Print only the lines from the one with "1017: Jean Patou" through the end of the data, exactly, and please omit pictures.

*Provided material:*
[Start of Attachment]
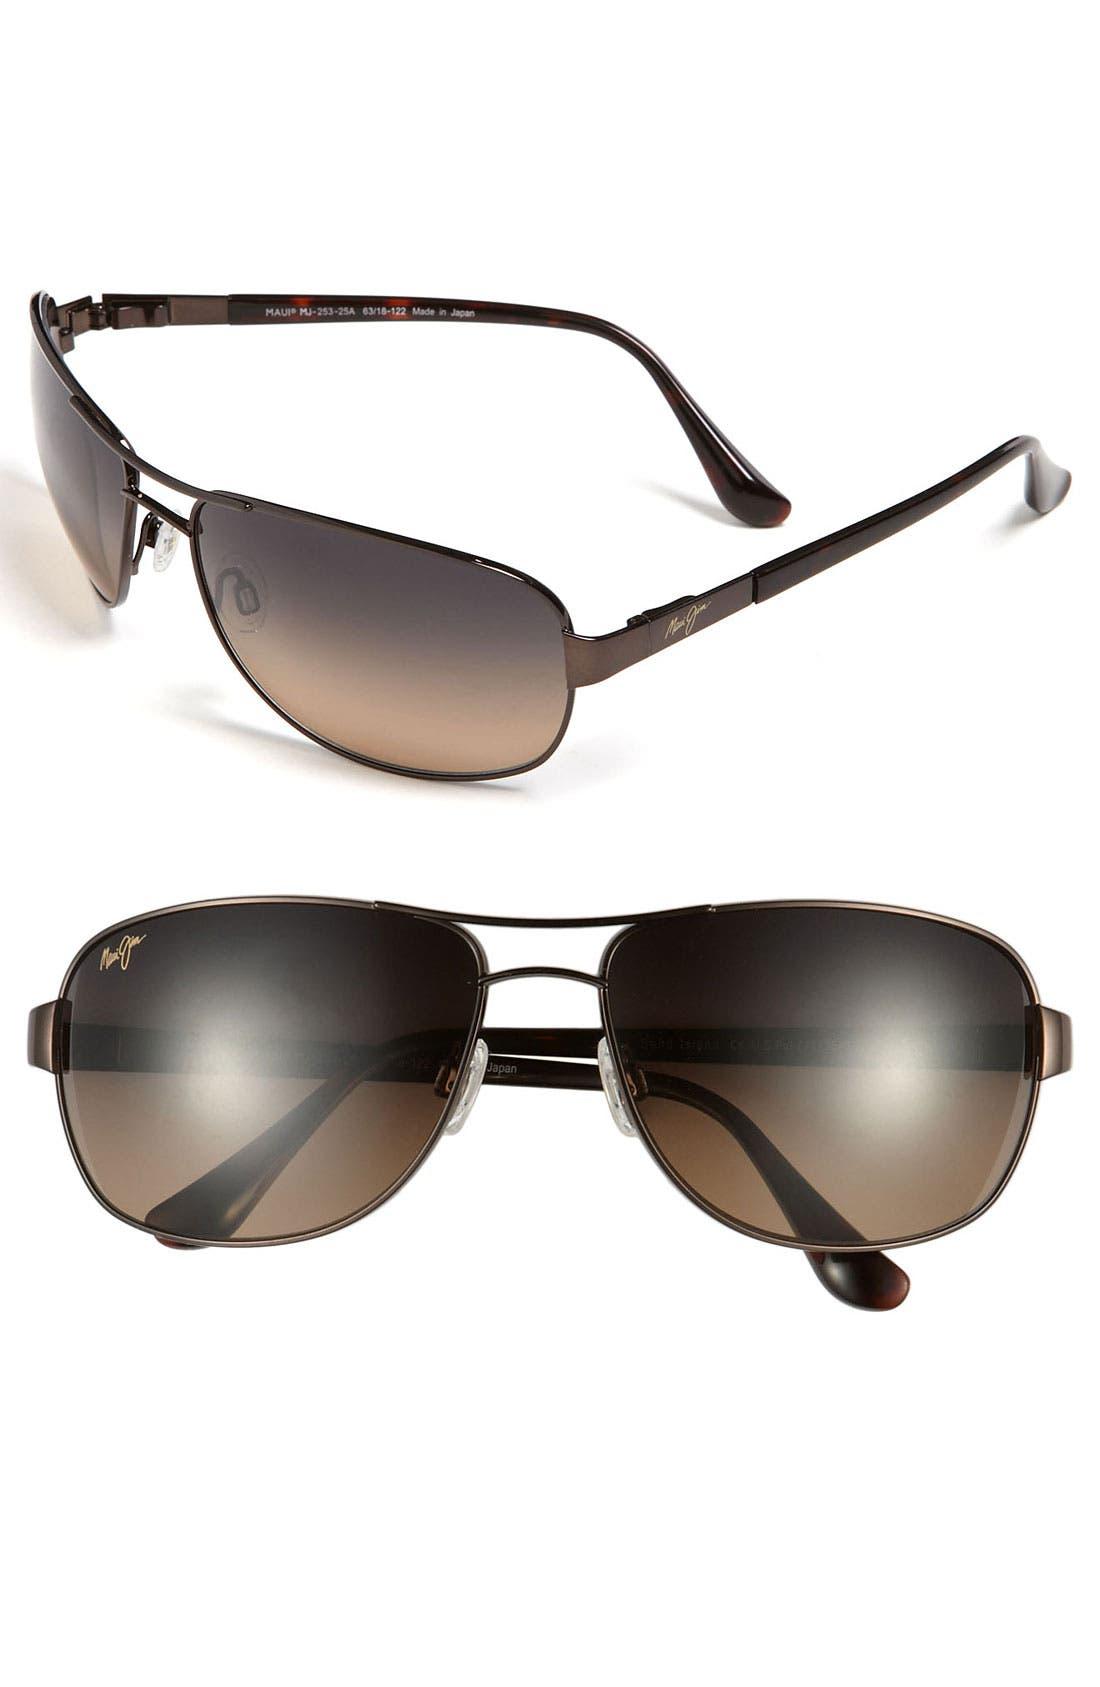 Maui Jim 'Sand Island' PolarizedPlus®2 63mm Sunglasses
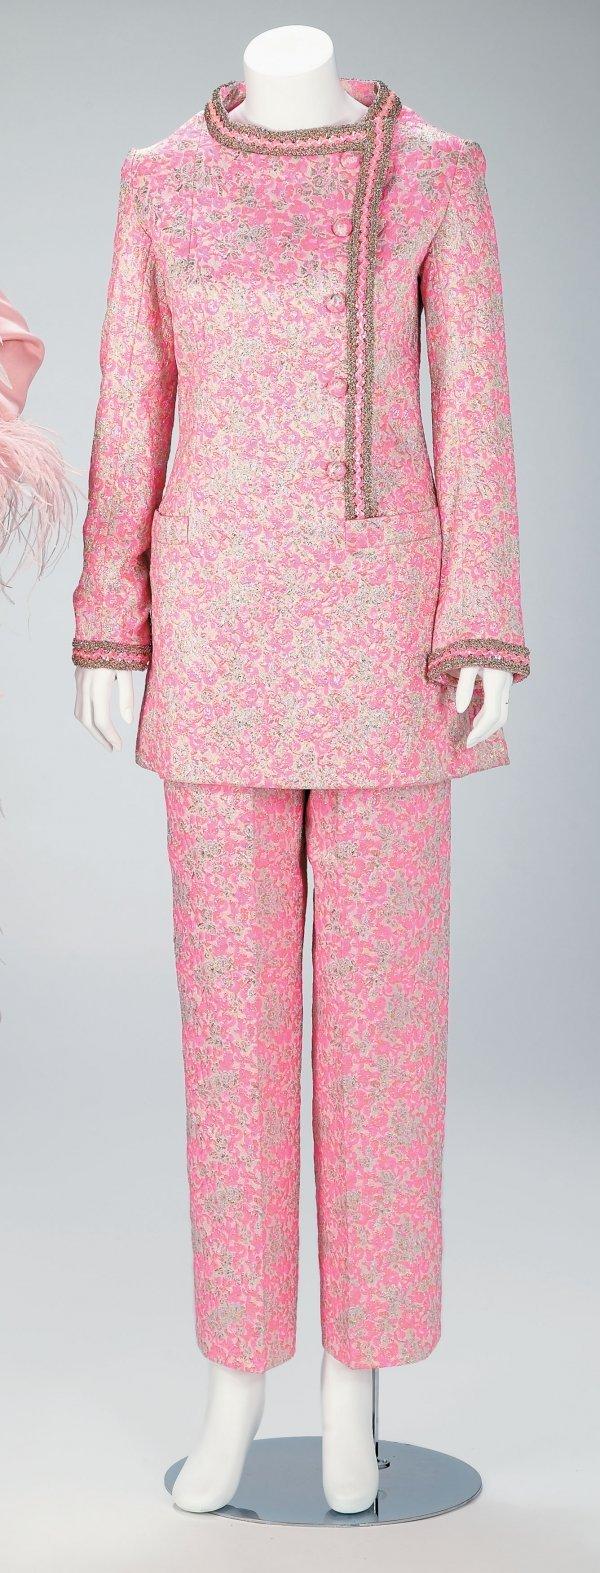 1017: Jean Patou pink metallic brocade tunic and pants,
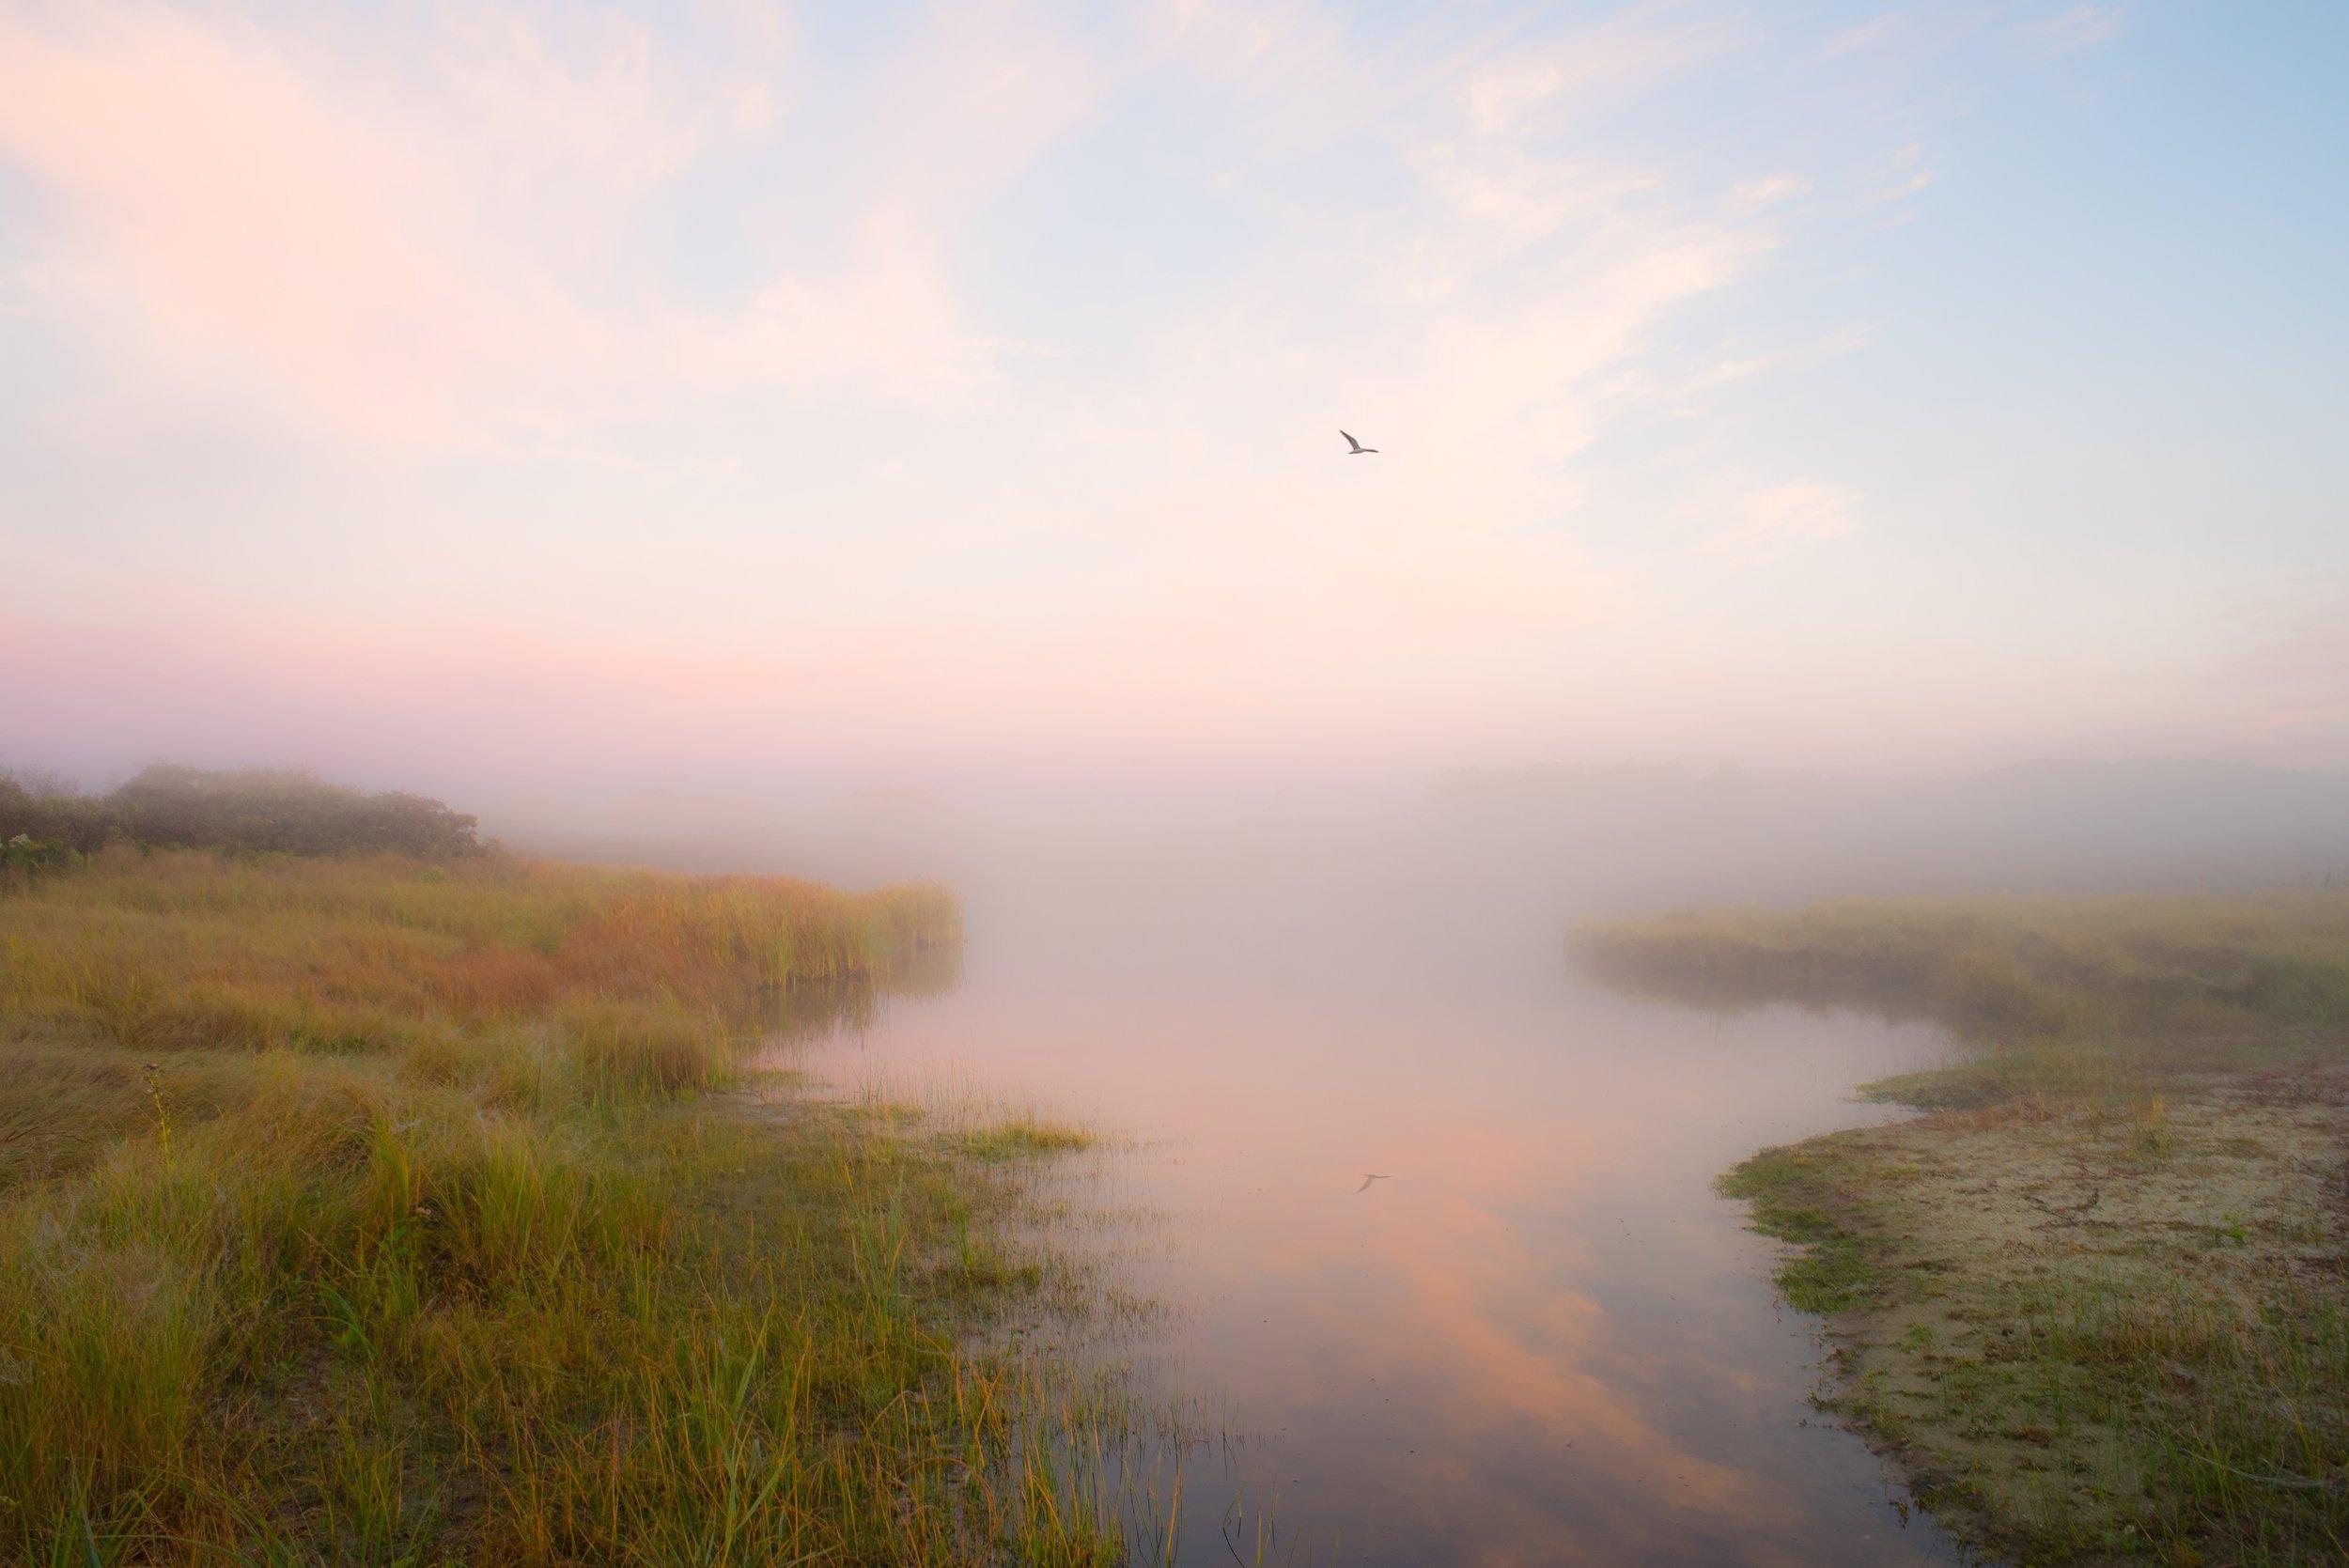 Sesachacha Creek I - Pink mist
[End of Attachment]
*Expected answer:*
 1017: Jean Patou pink metallic brocade tunic and pants,
 Sesachacha Creek I - Pink mist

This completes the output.